Hassle-free delivery of a multi-file Lisp app

Assume the end-user has an ANSI-compliant Common Lisp, and downloads your application, which you distribute as a tarball named, say, coffee.tar.bz2, that unpacks to a directory called coffee. What is the easiest way for them to use your app?

If your distribution contains the single Lisp file coffee.lisp, the user can load it into their CL, thus,

(load "coffee")

and use whatever functions, macros, and variables you provided as the external interface. They can even do

(compile-file "coffee")

and then

(load "coffee")

is smart enough to pick up the faster compiled file — which has the same basename as the source file, but with the file extension changed from .lisp to something like .fasl, .fas, .dx64fsl, or .sse2f (depending on the user’s CL implementation).

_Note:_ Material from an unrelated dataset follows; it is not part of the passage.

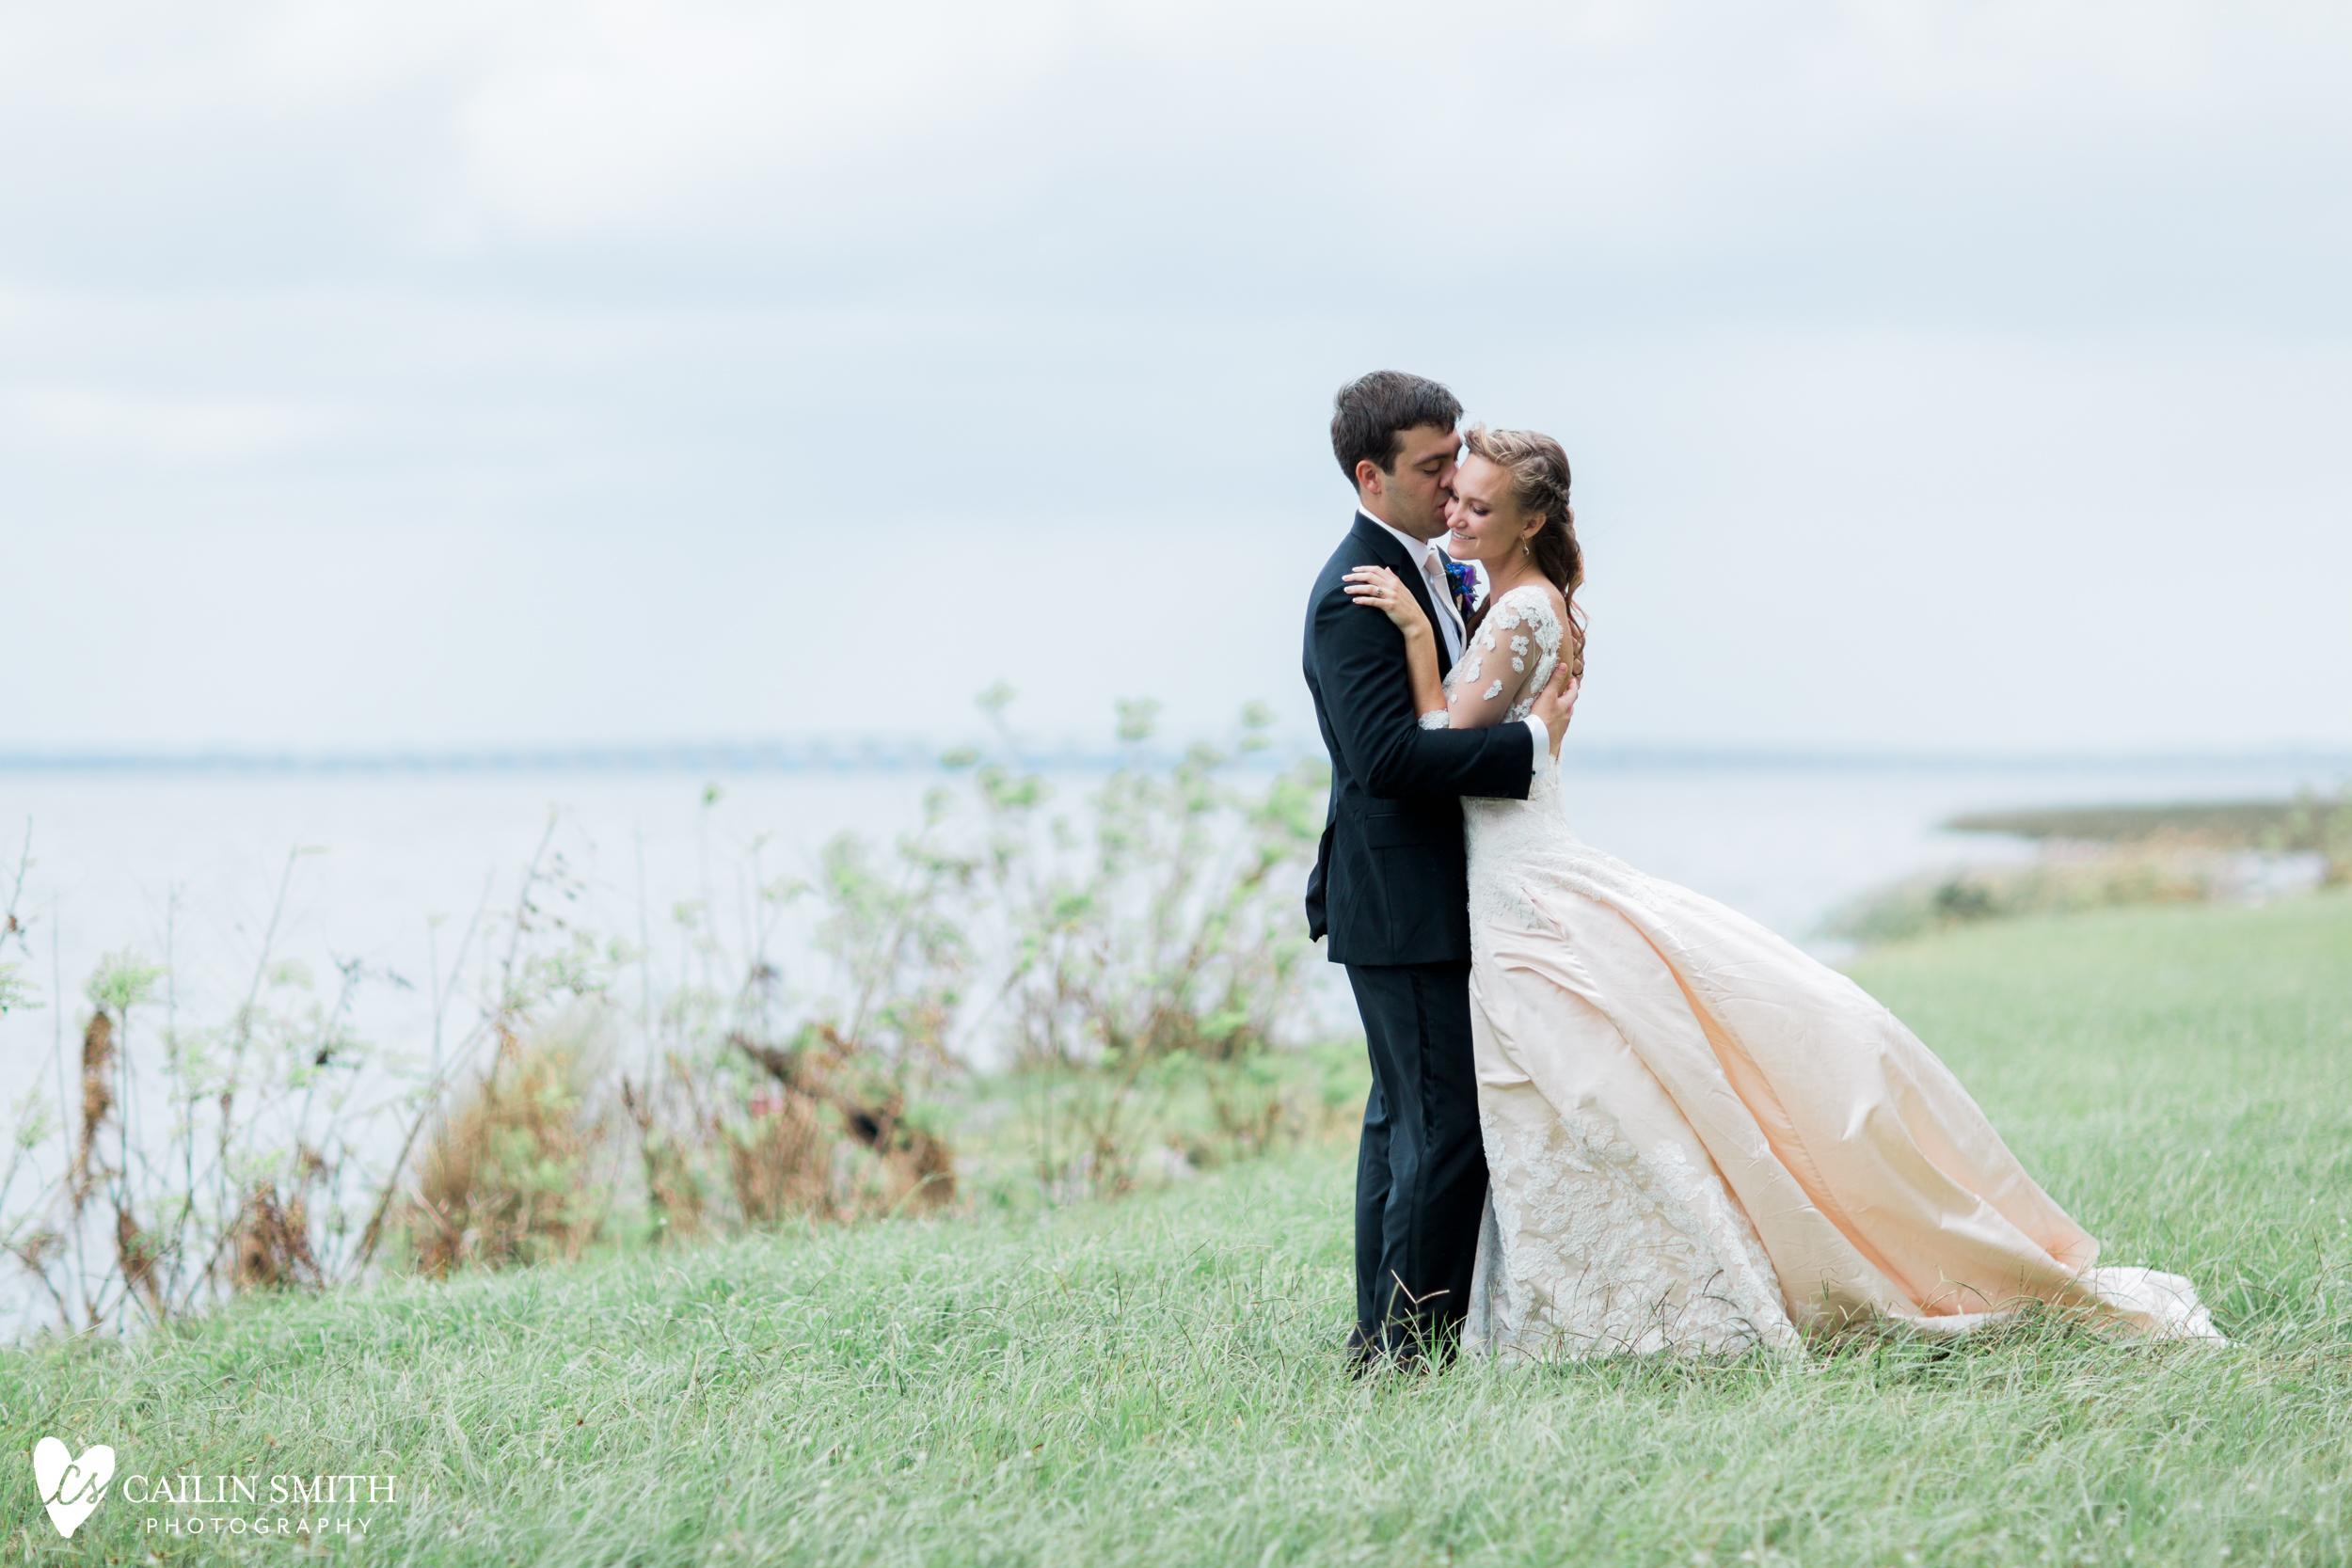 Shannon_David_Grace_Episcopal_Church_Wedding_photography_010.jpg

Typically, though, your distribution contains several Lisp files spread across several directories, to ease your development process, i.e. to keep things neat and maintainable. coffee.lisp may load caf.lisp and decaf.lisp; caf.lisp may then load espresso.lisp, mocha.lisp and cappuccino.lisp; and decaf.lisp may load a completely different mocha.lisp and cappuccino.lisp (in some other directory of course). The various calls to load use relative pathnames, viz.,

(load (merge-pathnames ... *load-pathname*))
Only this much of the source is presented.